The response from the server looks as follows: Query OK, 1 row affected (0.00 sec) and confirms that the query has been executed. 3. To ensure that the database has been created, run the SHOW DATABASES command again:

| Database |
| information_schema |
| mysql |
| performance_schema |
| sys |
| tutorial |
5 rows in set (0.00 sec)

As you can see, the output includes one line more - our database tutorial. It has been created successfully.

Adding a new MySQL user & Granting permissions

We do not want to use the superuser account root to manipulate data in our tutorial database for security reasons. Therefore, we will create a regular user with restricted permissions.

  1. Add a new user using the CREATE USER command:

    mysql> CREATE USER 'myuser'@'localhost' IDENTIFIED BY 'a_secret_password';

    Replace myuser with the login for your new user, the part localhost defines from which host your user is allowed to log in. As we have restricted the access to the MySQL server to our local machine, keep this value. Replace a_secret_password with a strong and secure password for the user.

  2. By default, the user has no permissions. Grant permission to the tutorial table so the user is able to make changes to all data stored in this table:

    mysql> GRANT ALL PRIVILEGES ON tutorial.* TO 'myuser'@'localhost';

    The ALL privilege allows a user to have full access to a designated database. Other GRANT commands define more restrictive permissions:

    • CREATE grants permission to a user to create new tables or databases
    • DROP grants permission to a user to delete tables or databases
    • DELETE grants permission to a user to delete rows from tables
    • INSERT grants permission to a user to insert rows into tables
    • SELECT grants permission to a user for using the SELECT command to read through databases
    • UPDATE grants permission to a user to update table rows

    The syntax for all grant options is the same and can be applied on database or even table level:

    mysql> GRANT grant_type ON database_name.table_name TO ‘myuser'@'localhost';
  3. Once the user is created and permissions are configured, leave the superuser account:

    mysql> EXIT;

Creating tables and adding data

Now, as we have our table and user ready, it is time to create some tables, fill them with data and update the data.

  1. Reconnect to the MySQL prompt using the myuser user, you created in the previous step:

    mysql -u myuser -p
  2. The MySQL prompt displays.

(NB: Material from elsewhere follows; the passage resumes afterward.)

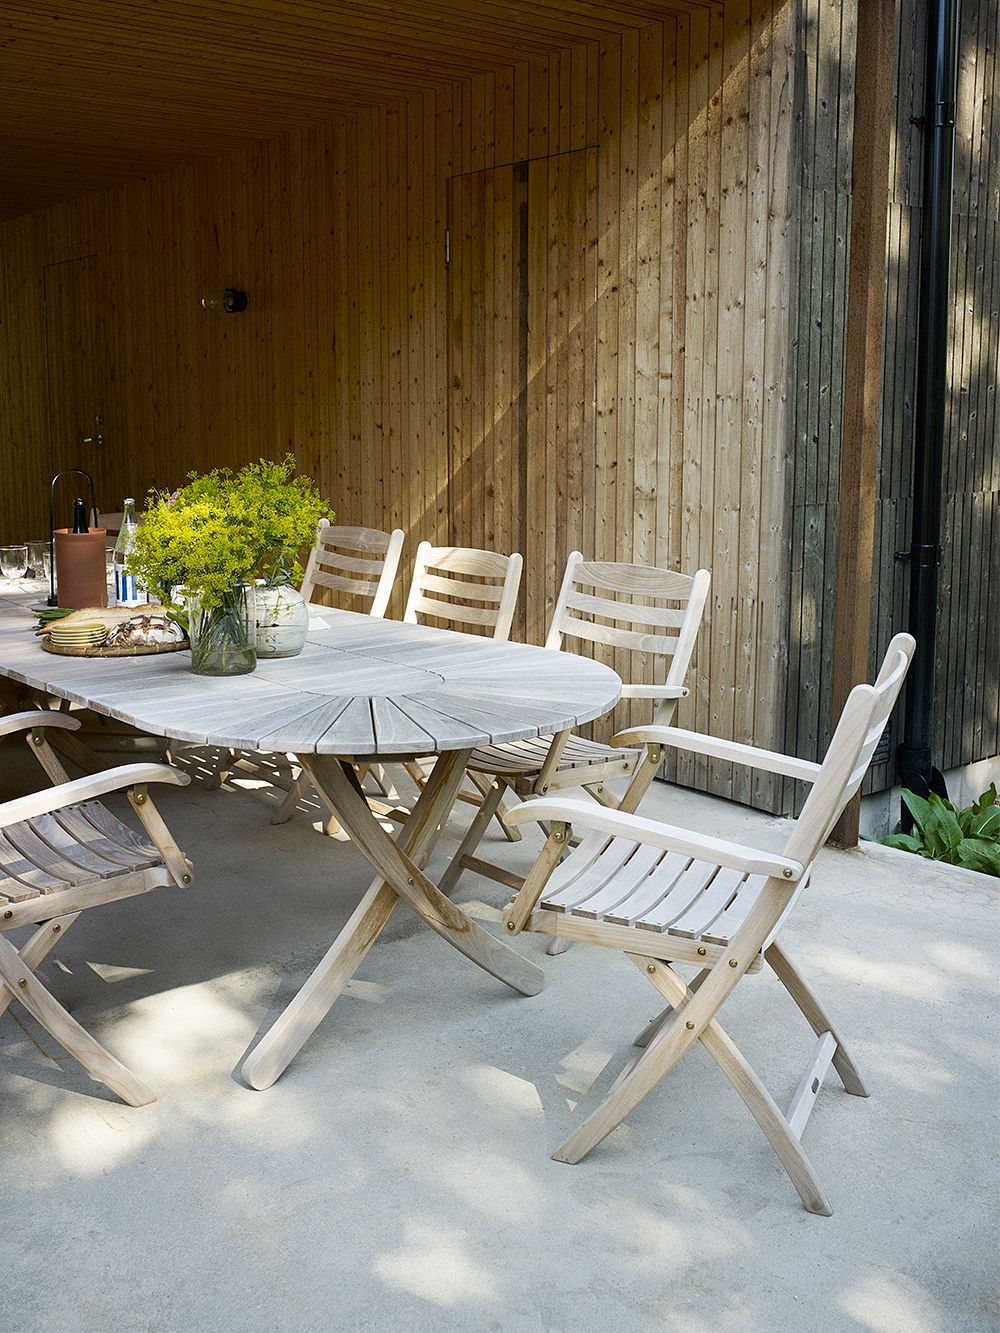 An image of Skagerak's Selandia table and chairs by a summer house, as part of the summer cottage decor.
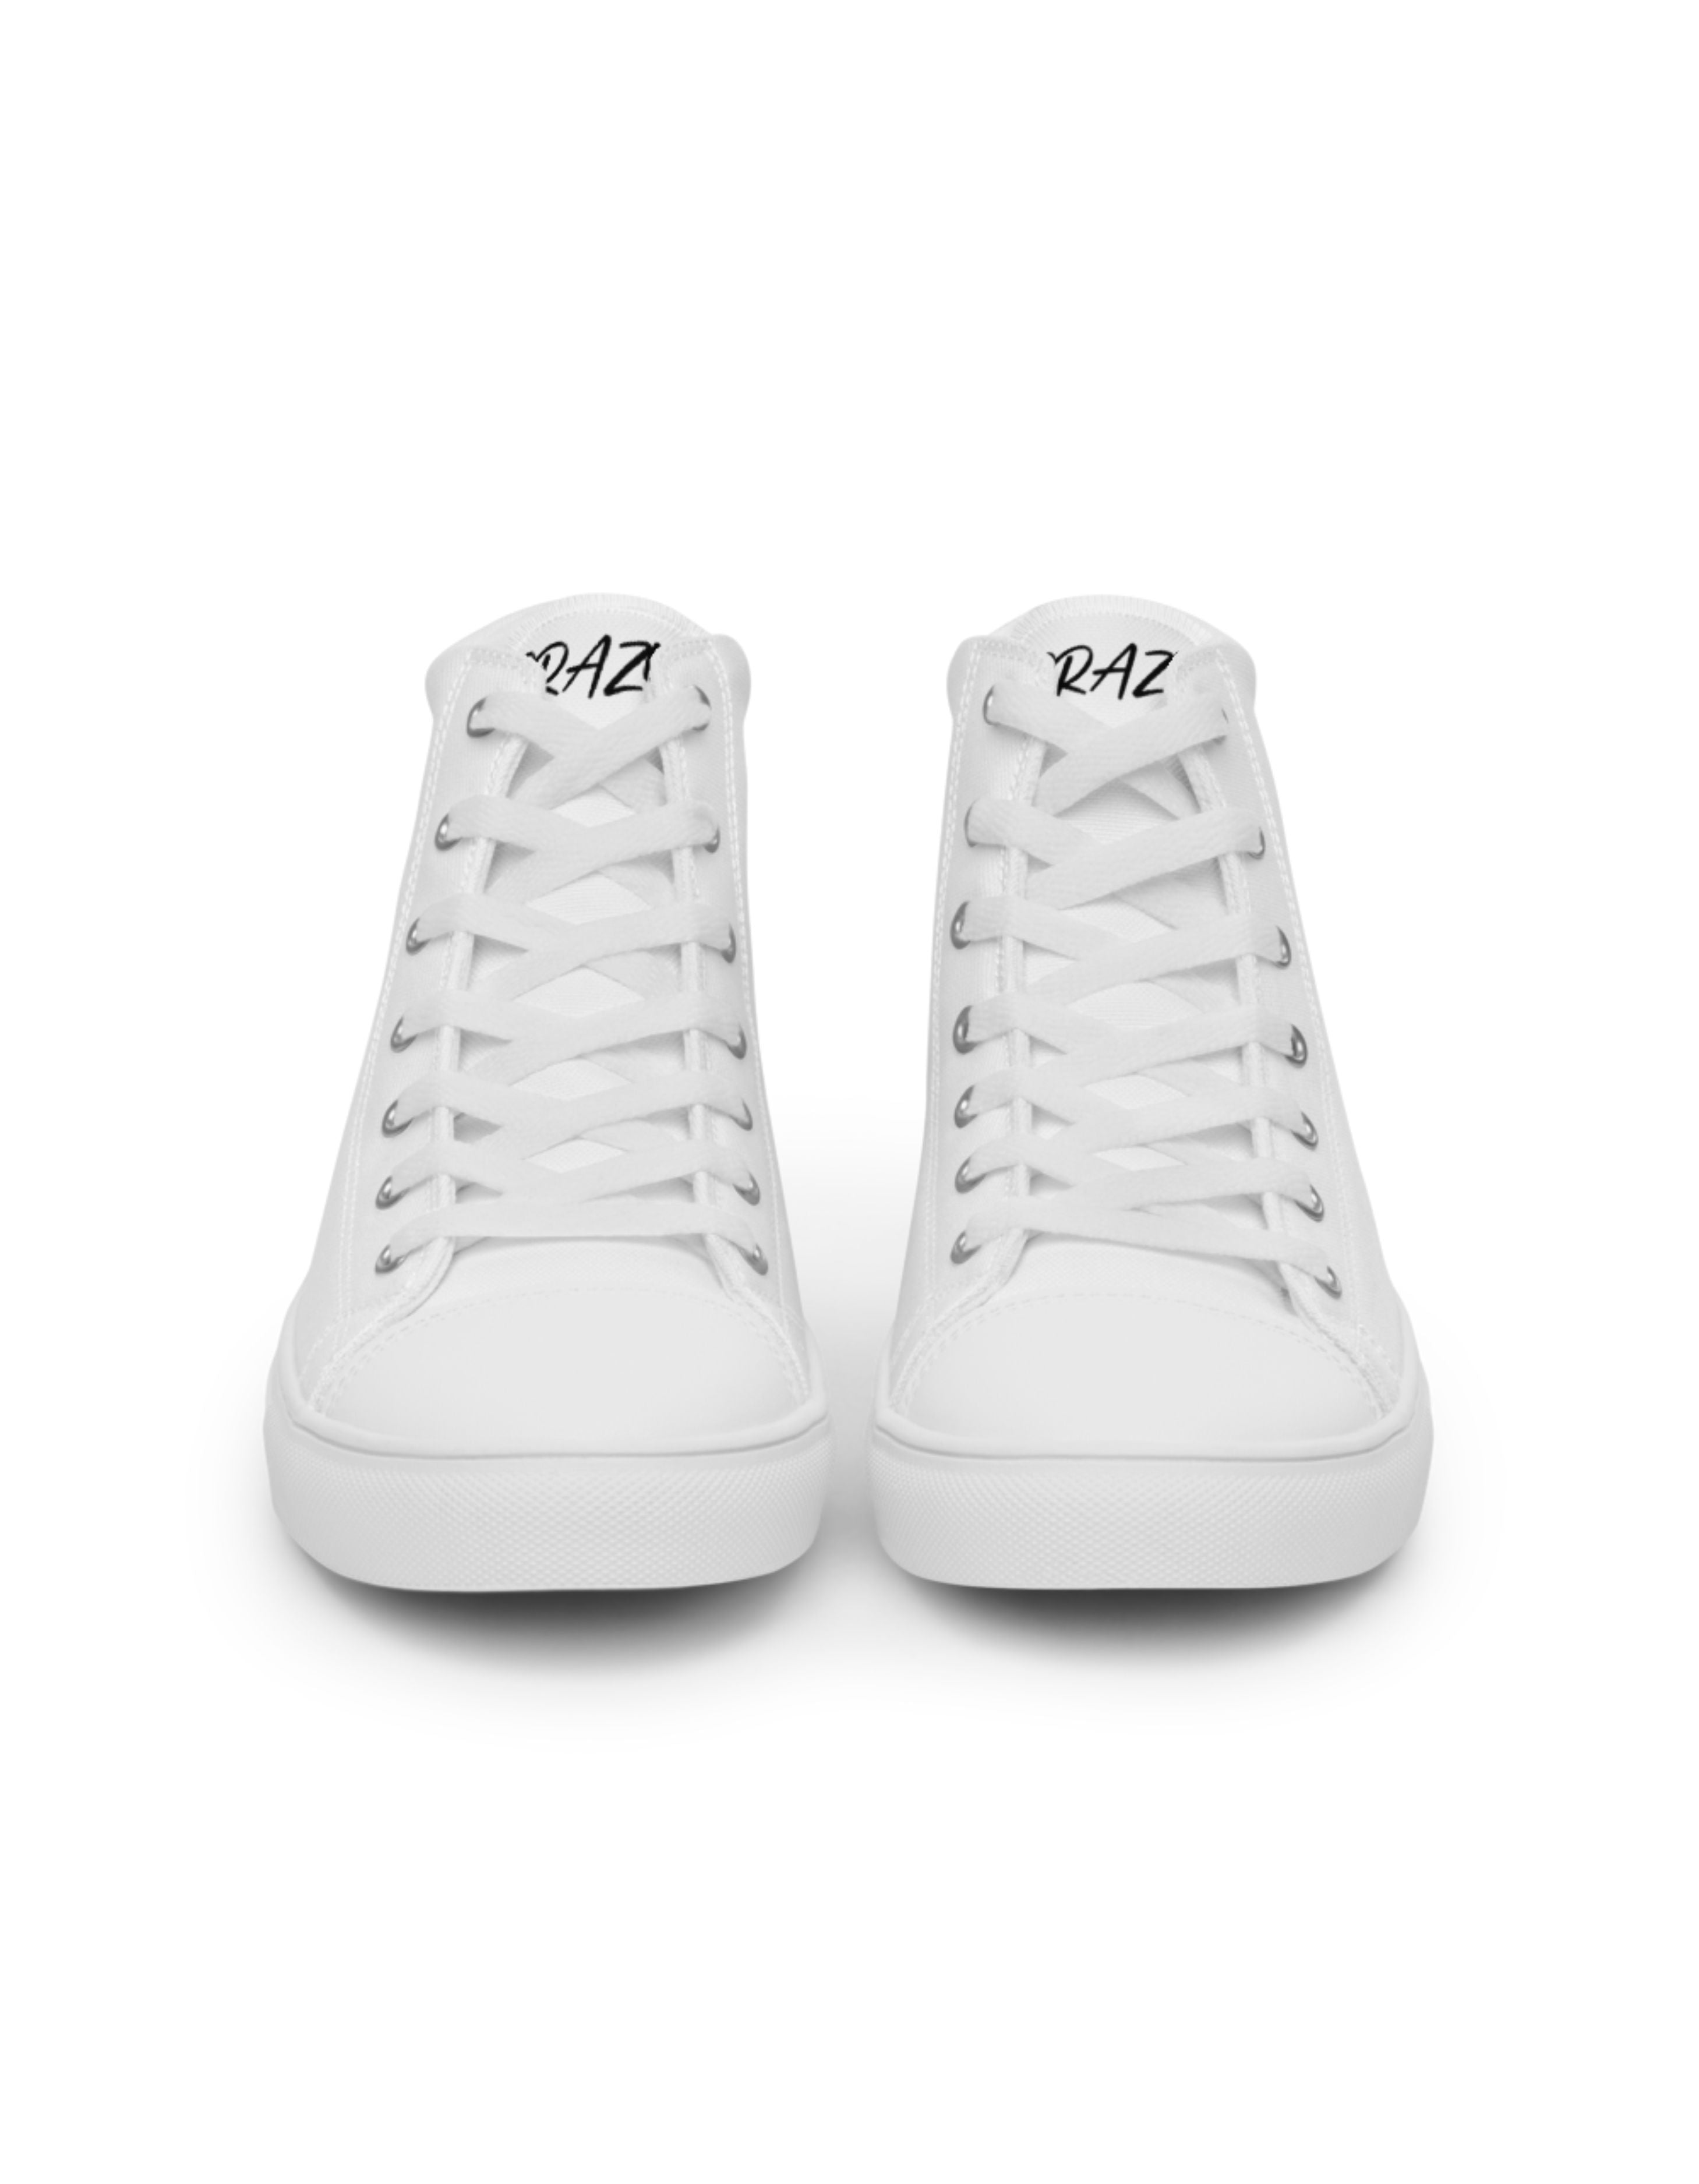 "SAY MY NAME" hoge witte canvas damessneakers

Change into the tutorial database you have created in a previous step:

    mysql> USE tutorial;

    A Database changed message indicated that you have changed into the tutorial database.

  3. Create a new table employees to manage the inventory of all employees of a fictive company

    mysql> CREATE TABLE employees
    id INT unsigned NOT NULL AUTO_INCREMENT, # Unique ID for the record
    name VARCHAR(150) NOT NULL, # Name of the employee
    team VARCHAR(150) NOT NULL, # Team of the employee
    birthday DATE NOT NULL, # Birthday of the employee
    PRIMARY KEY (id) # Make the ID the primary key
  4. Use DESCRIBE to visualize the table structure and to verify everything has been created accordingly:

    mysql> DESCRIBE employees;
    | Field | Type | Null | Key | Default | Extra |
    | id | int unsigned | NO | PRI | NULL | auto_increment |
    | name | varchar(150) | NO | | NULL | |
    | team | varchar(150) | NO | | NULL | |
    | birthday | date | NO | | NULL | |
    4 rows in set (0.02 sec)
  5. Now as we have the table ready, update it by filling in some fictitious employee data. When you look at the query, you notice that the value for ID is not in it. This value will be auto-incremented by MySQL when entering the data:

    mysql> INSERT INTO employees ( name, team, birthday) VALUES
    ( 'Peter Smith', 'DevOps', '2003-07-21' ),
    ( 'John White', 'Marketing', '1988-06-04' ),
    ( 'Steve Shining', 'DevOps', '2001-06-04' ),
    ( 'Charlie Connor', 'Support', '1987-03-03' );

    MySQL will check the data and return a status report of your query: Query OK, 4 rows affected (0.00 sec) Records: 4 Duplicates: 0 Warnings: 0.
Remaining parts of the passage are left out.